White truffles around San Miniato run from late October into December, with November the heart of the season. Black truffles appear at other points of the year. If a dawn truffle hunt with a hunter and his dog is on your list, autumn is the time to come.
Can Tuscany work as a honeymoon?
Beautifully. A villa with a cook, a private cellar dinner, a long lunch under a pergola, a slow drive through the Val d'Orcia at golden hour. We build the days with space in them, the phone away, nothing to rush towards.
Is Tuscany expensive?
It can be as quiet or as grand as you want. A private, tailor-made journey with insider access to producers is a real investment, and we are honest about that. What you are paying for is the table you could not book yourself and the people you could not meet on your own. We will always tell you where the money is worth spending and where it is not.
Should we combine Tuscany with Umbria?
Often, yes. Umbria sits just across the border, greener and quieter, with Sagrantino di Montefalco and a slower pulse. Ten days lets you give both room to breathe without rushing either.
What wines should we taste in Tuscany?
Brunello di Montalcino and its younger sibling Rosso di Montalcino, Chianti Classico (look for the black rooster), Vino Nobile di Montepulciano, the Super Tuscans of Bolgheri, and Vernaccia di San Gimignano if you want a white. We taste them where they are made, with the people who made them.
Are private winery visits possible?
That is the heart of what we do. Most of your visits are private, with the owner or winemaker, including estates that do not open to the public at all. It is the difference between a tasting-room flight and an afternoon in someone's cellar.
How physical are the days?
Gentle. Some walking through vineyards and hill towns on uneven stone, an optional dawn truffle hunt in the woods, otherwise short drives and long lunches. We pace the days to you, and there is always the option to do less.
What makes Brunello different from Chianti Classico?
Brunello di Montalcino is 100% Sangiovese Grosso, serious and built to age for decades.
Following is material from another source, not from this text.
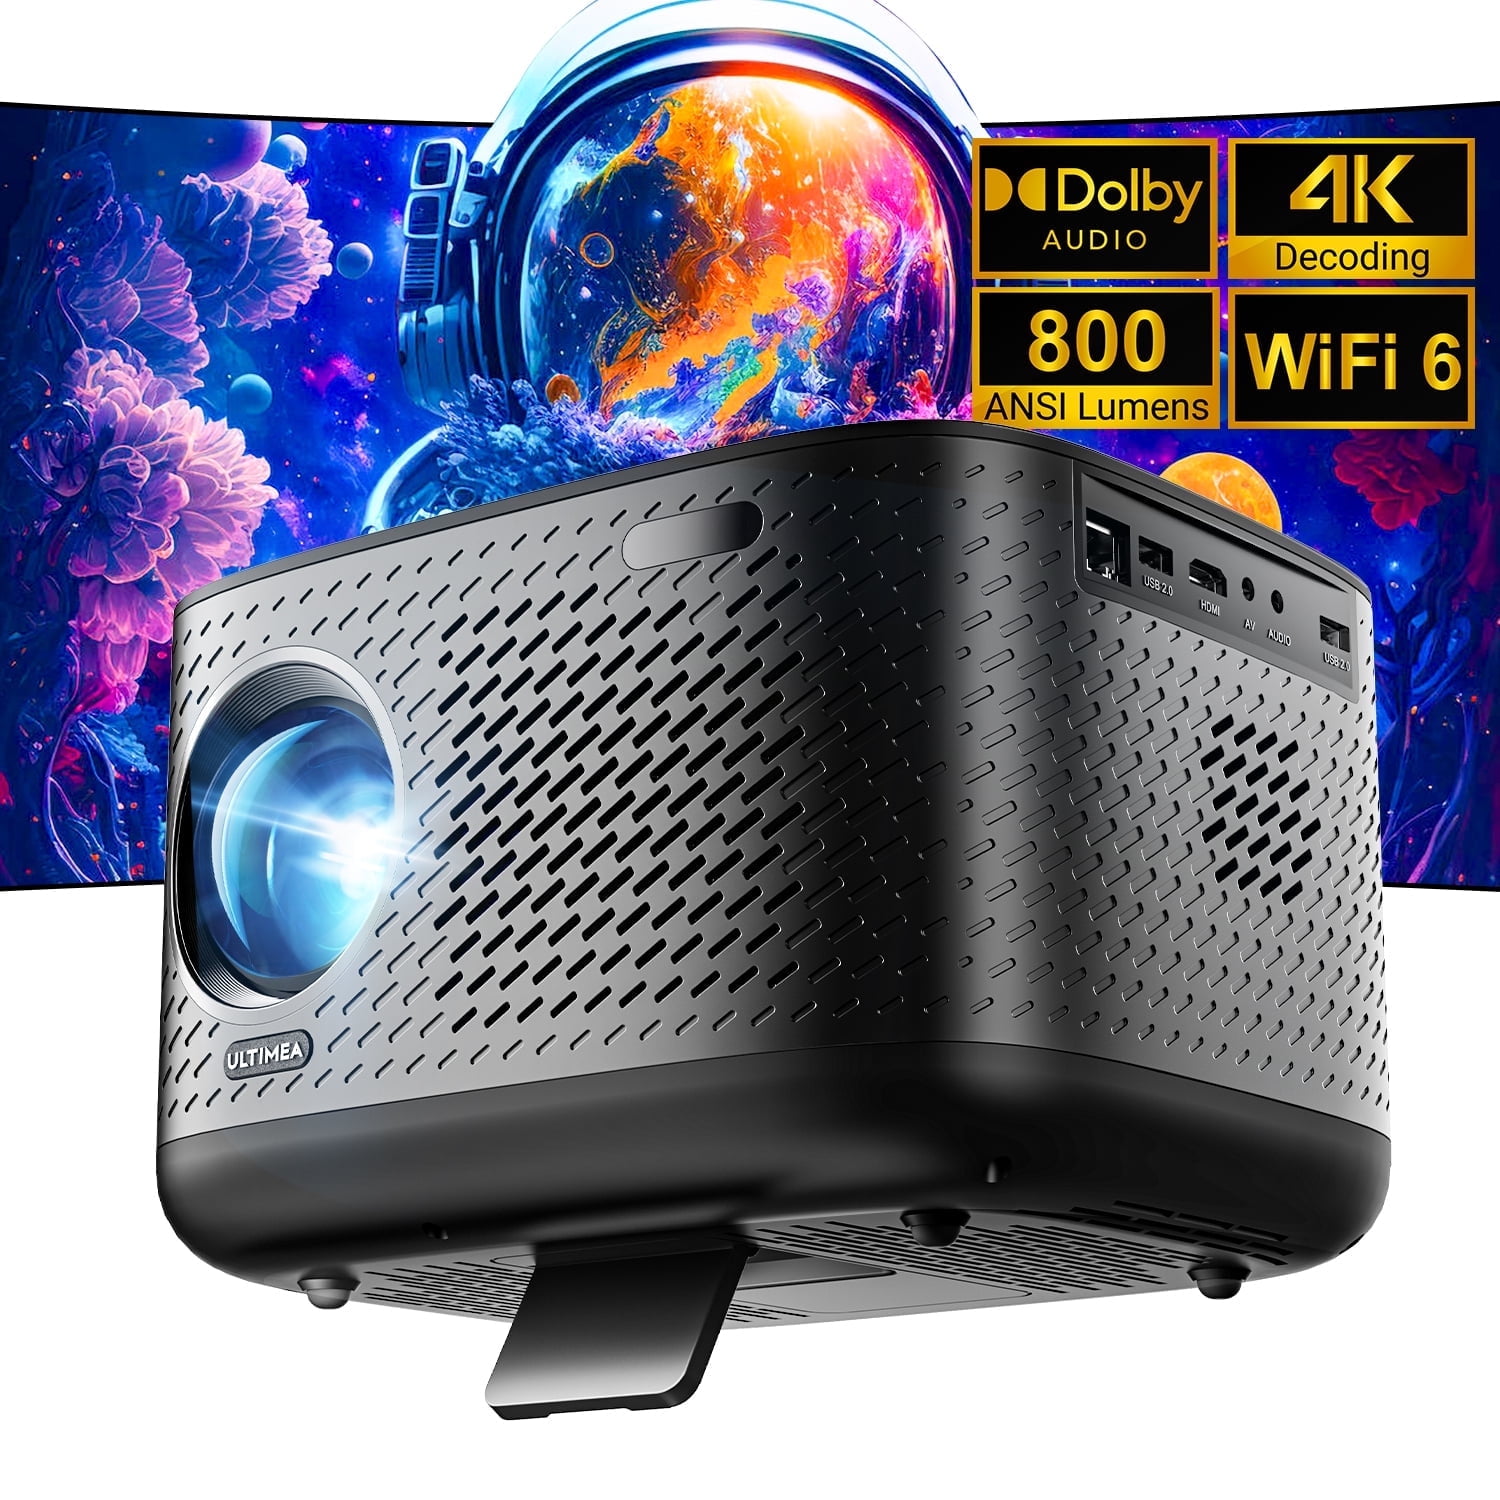 UHD38x - Bright, 4K UHD gaming and home entertainment projector

Chianti Classico, marked by the black rooster, is brighter and more savoury, made to drink younger. Same grape, two temperaments. We taste them side by side so the difference lands in your mouth, not just on paper.
Designed by Vinspiration
The people who open the doors.
Every Tuscany journey is built by hand by the two of us, from relationships with producers we have kept for two decades, not from a catalogue.

Guy Haran
Twenty years building wine journeys across Italy and beyond. A Riedel ambassador and WSET-trained wine educator, author of the book Wine Journey and host of the Wine is Basic podcast. The friendships that open the cellar doors in Montalcino, Chianti, and Bolgheri are his, built one harvest at a time.

Mor Koral
An MSc in Gastronomy from the University of Gastronomic Sciences in Pollenzo, the Slow Food university, and a global winner of the Patrón Perfectionists bartending championship. She designs the rhythm of every trip: which lunch runs long, which winemaker you should meet, where the day should slow down.